Helianth. Band 3 Bilder aus dem Leben zweier Menschen von heute und aus der norddeutschen Tiefebene
Part 22
Hier unter ihm steht ein Sarg, liegt eine Tote, ein Mensch, -- wie war es doch möglich? Er wendet sich schaudernd. -- Etwas läuft in die Lichtung hinein, bleibt still, läuft hierhin, dorthin, schnüffelt vernehmlich, ein Igel. Heftiger zitternd faßt er in das Gezweige über seinem Kopf, ein Blatt bleibt in seinen Fingern, sein Arm fällt herab, er zerknittert es und fühlt es feucht; in weiter Ferne kräht ein Hahn. -- Sie schläft, flüstert er besinnungslos, dann sinkt er langsam in die Kniee, bückt sich, harkt mit der Hand im Gras und flüstert: Mutter! Mutter! hilf mir doch! Mutter, dein Sohn ist doch da! Ach, sag doch nicht, daß es zu spät ist, sei nicht hart, ich kann ja nicht mehr, ich kann, kann, kann ja nicht mehr! -- So wimmert er eine Zeitlang, dann liegt er plötzlich still und steht auf. Seine Hände, sein Gesicht sind naß, er trocknet sich mit dem Schal und geht davon, schamvoll und doch erleichtert. Er horcht stehen bleibend zurück. Sie war entsetzlich einsam dort ... Er schüttelt den Kopf und geht weiter, durch den Gang, über die Brücke, am Weiher hin und den dunklen, beschatteten Weg hinab unter dem schwarz und zerrissen herabhängenden Laubwerk der Eichen.

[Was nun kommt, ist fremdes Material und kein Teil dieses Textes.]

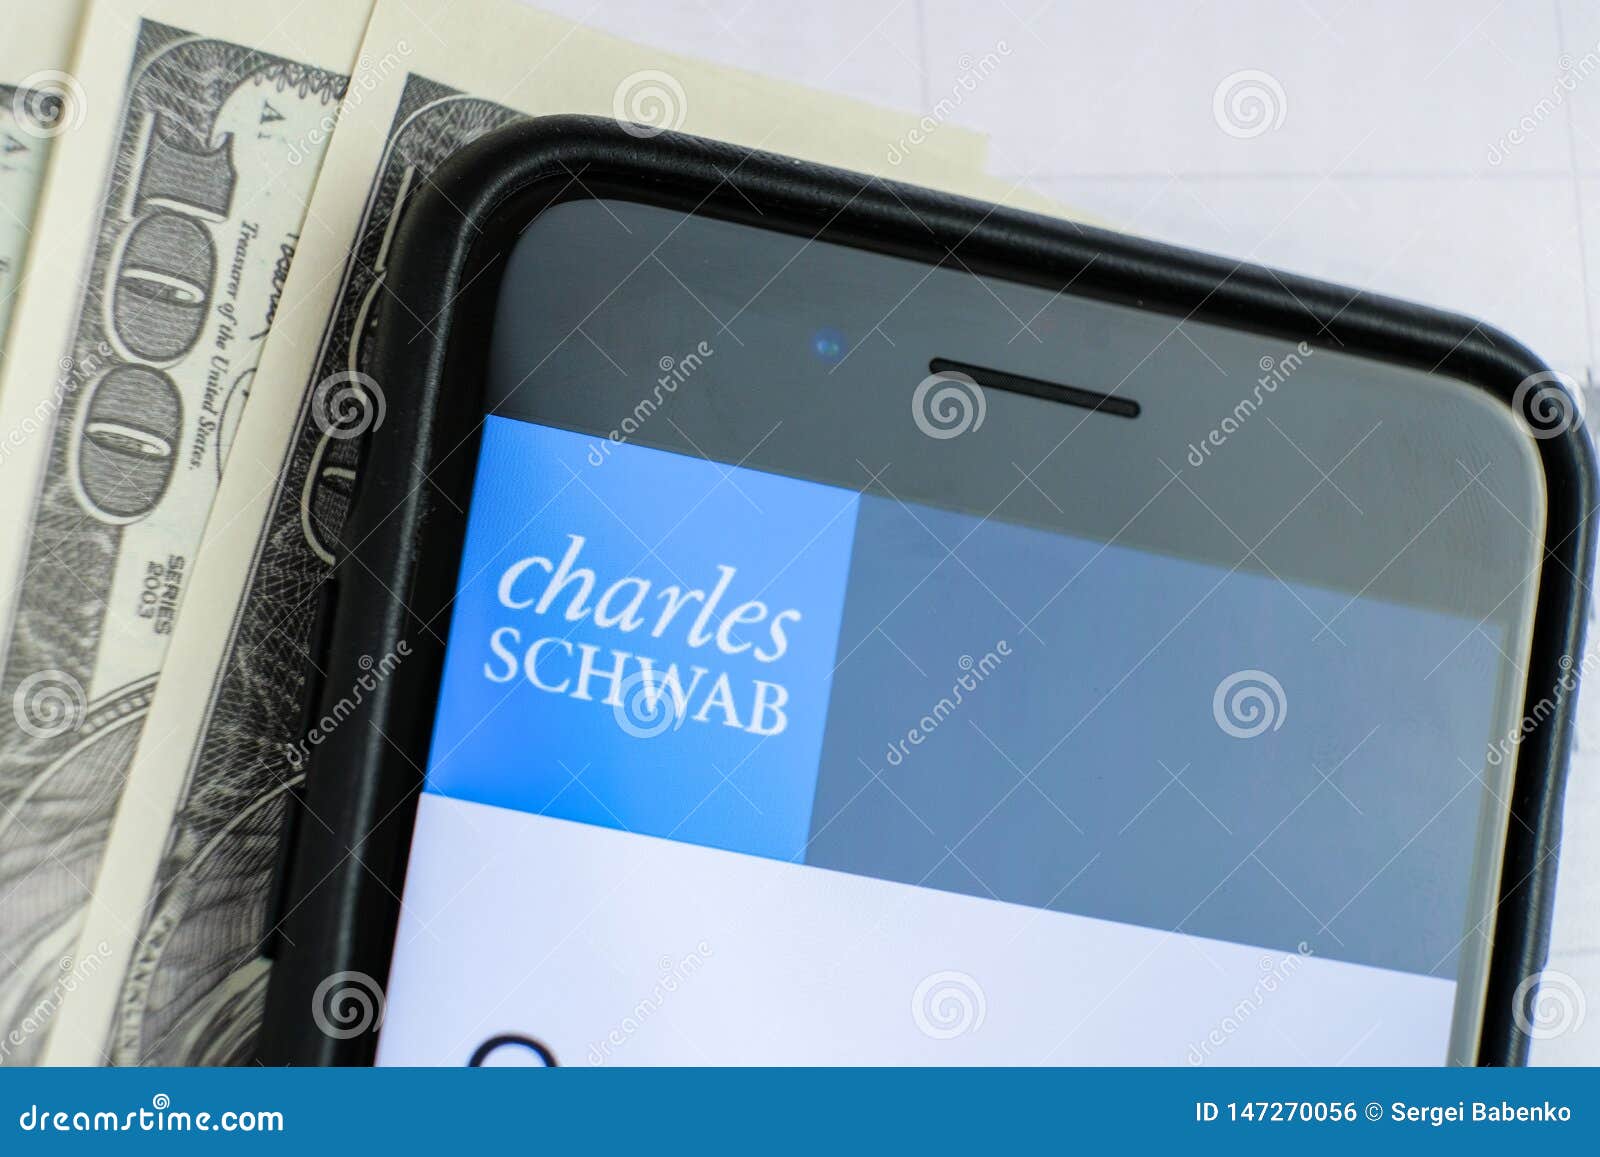 Charles Schwab Charts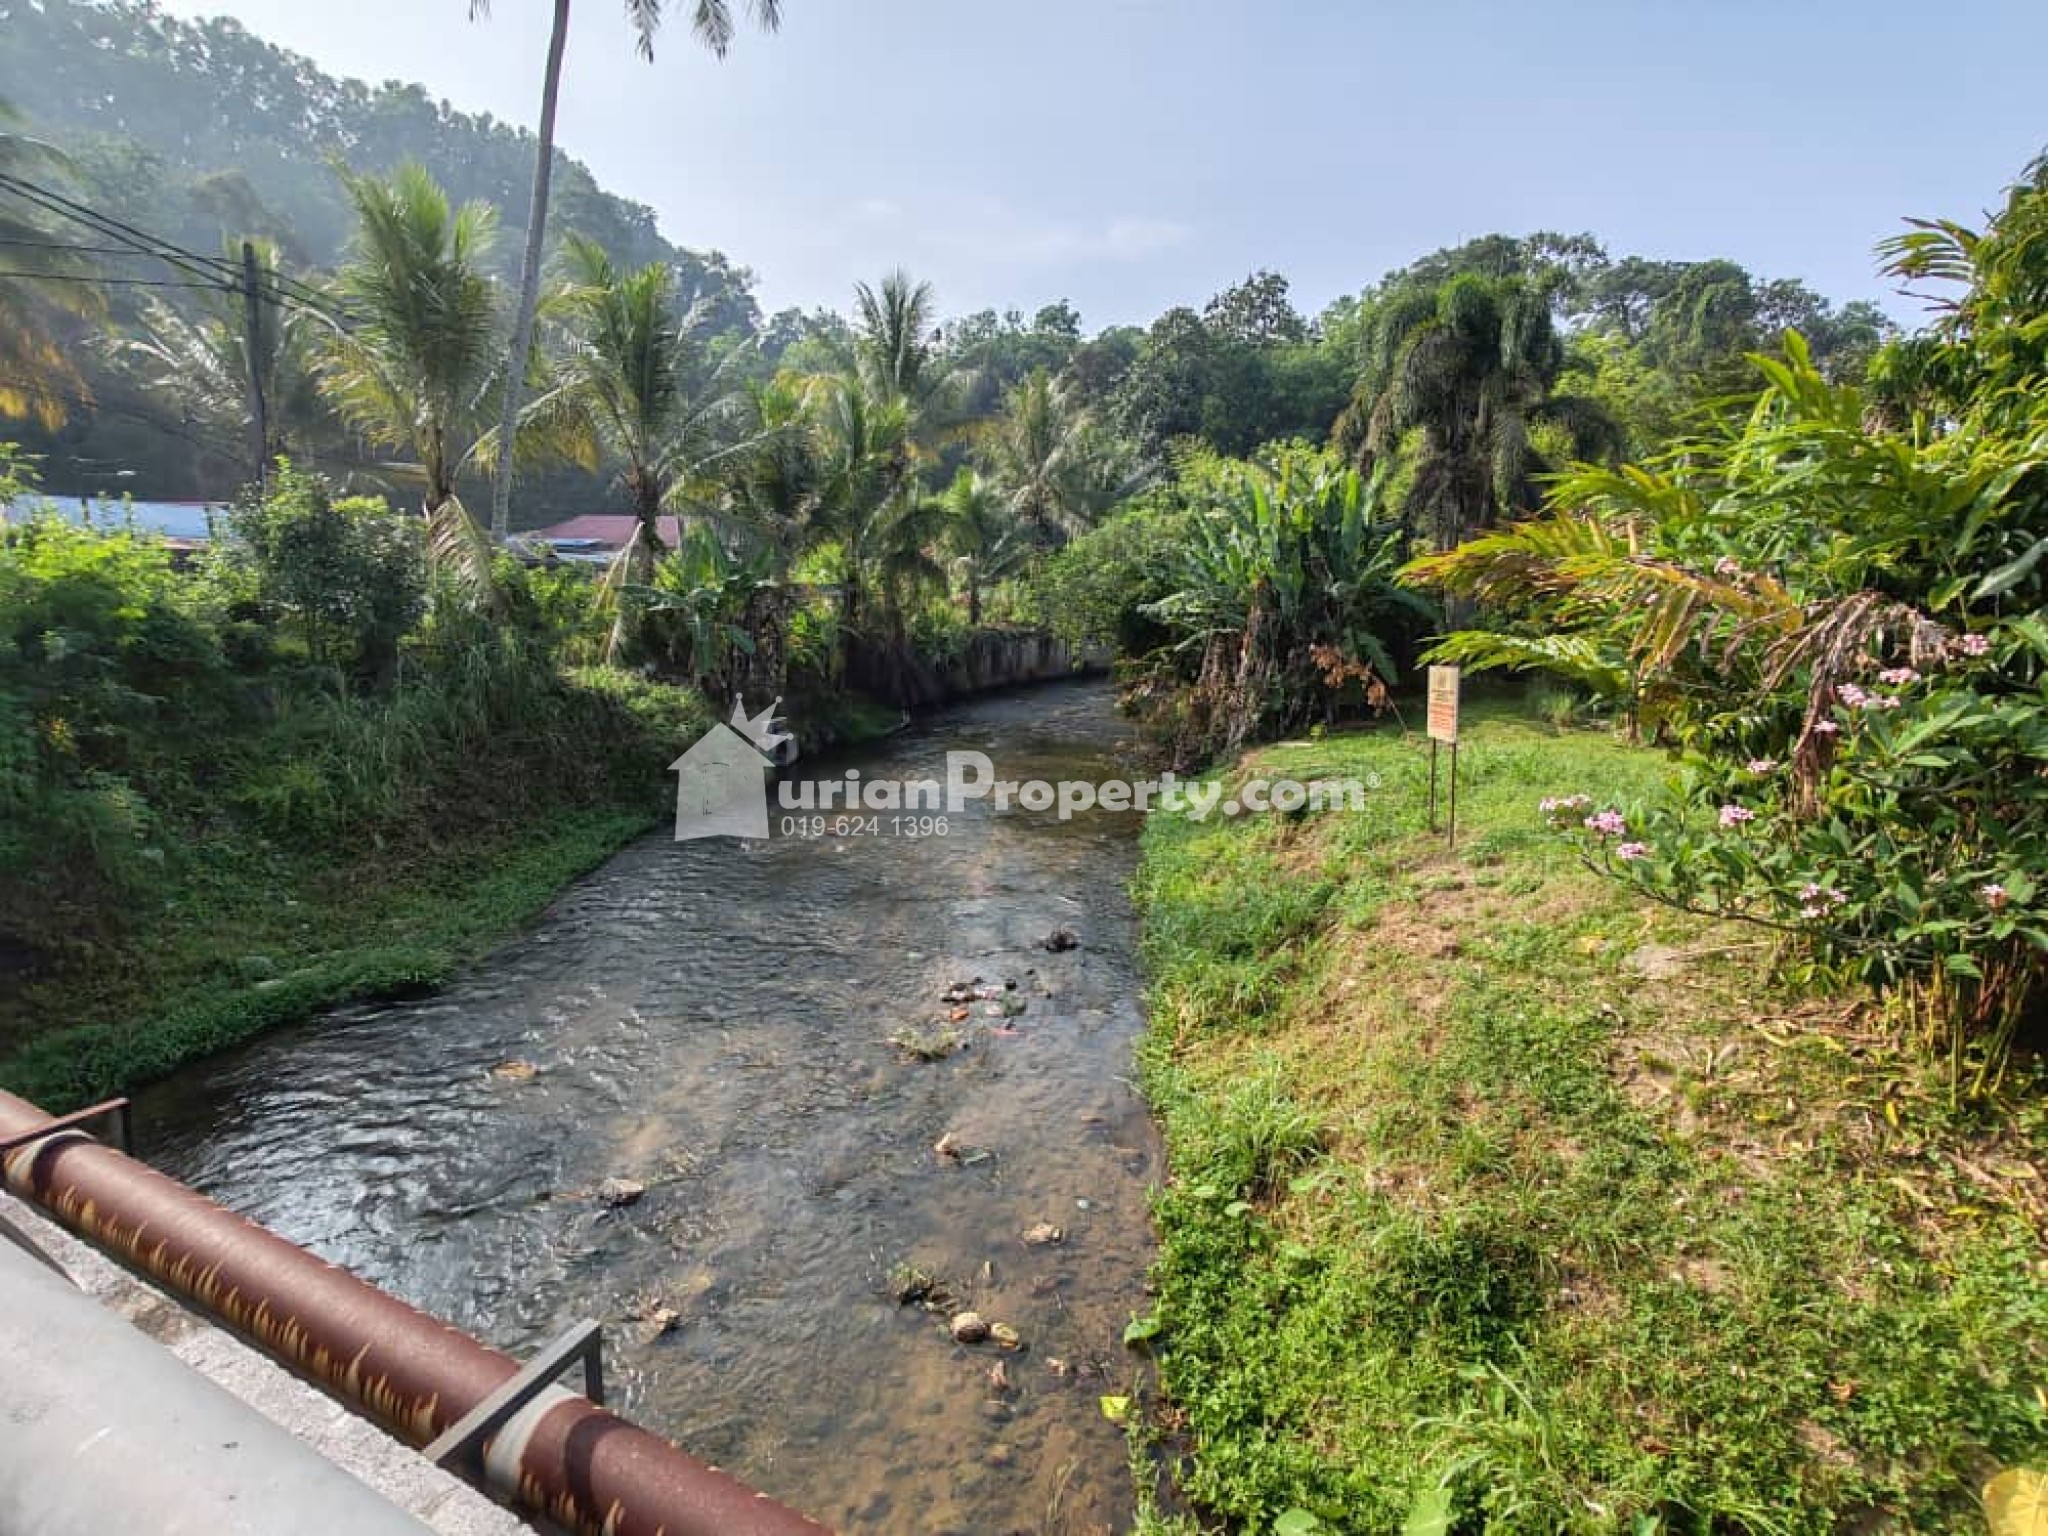 Residential Land For Sale at Taman Permai Jaya

Dort steht er und denkt wieder. Ja, was dachte er wohl? Er dachte nicht -- denn das denke vielmehr jetzt ich: welch eine wonnevolle Erleichterung es für mich ist, einmal die ganze Last des Daseins auf diesen vorgespiegelten Telemach abzuwälzen und daneben zu stehn und es immerhin begreiflich zu finden, daß sie ihn quält. -- Sondern er dachte vielleicht oder empfand die Höllenqual der zu späten Einsicht. Die furchtbar ironische Bitterkeit der Erkenntnis, daß alles, was heute ist, seit Jahren sich vorbereitete, daß es in all und jedem Denken, Planen und Handeln schon war, -- oh ja:
Was vom Menschen nicht gewußt, Oder nicht bedacht, (!!!) Durch das Labyrinth der Brust Wandelt in der Nacht.
Und weiter, daß nun mit der Erkenntnis alles ein Ende nahm und nur sie noch ist, und kurz und gut: die Schuld selber nur noch. Schuld, nichts als Schuld, an jedem Fleck, auf jedem Schritt; Schuld jeder Weg, jede Bewegung, jede Aussicht und jeder Stern; Schuld jeder Bissen und jeder Atemzug, und kein Gedanke mehr, kein Ausblick und keine Möglichkeit mehr zu etwas Neuem, -- nirgend ein Anfang, nur das Dickicht.
Und dann versucht er es wohl, dieser T., und stellt die bekannten Figuren zum tausendsten Male auf, und eiskalt vor rasendem Wissen der Unabänderlichkeit will er sie doch zwingen mit Zauberei, daß sie sich anders bewegen, als sie taten, aber immer steht hier Magda und drüben Cora, hier er selber und da Sigurd und da -- ER, und wenn er sie auch zwingen kann, steif dazustehn wie die Puppen, so erreicht er doch niemals, daß er selber es ist, der die erste Bewegung macht, oder Sigurd, sondern immer, immer ist es die Furie.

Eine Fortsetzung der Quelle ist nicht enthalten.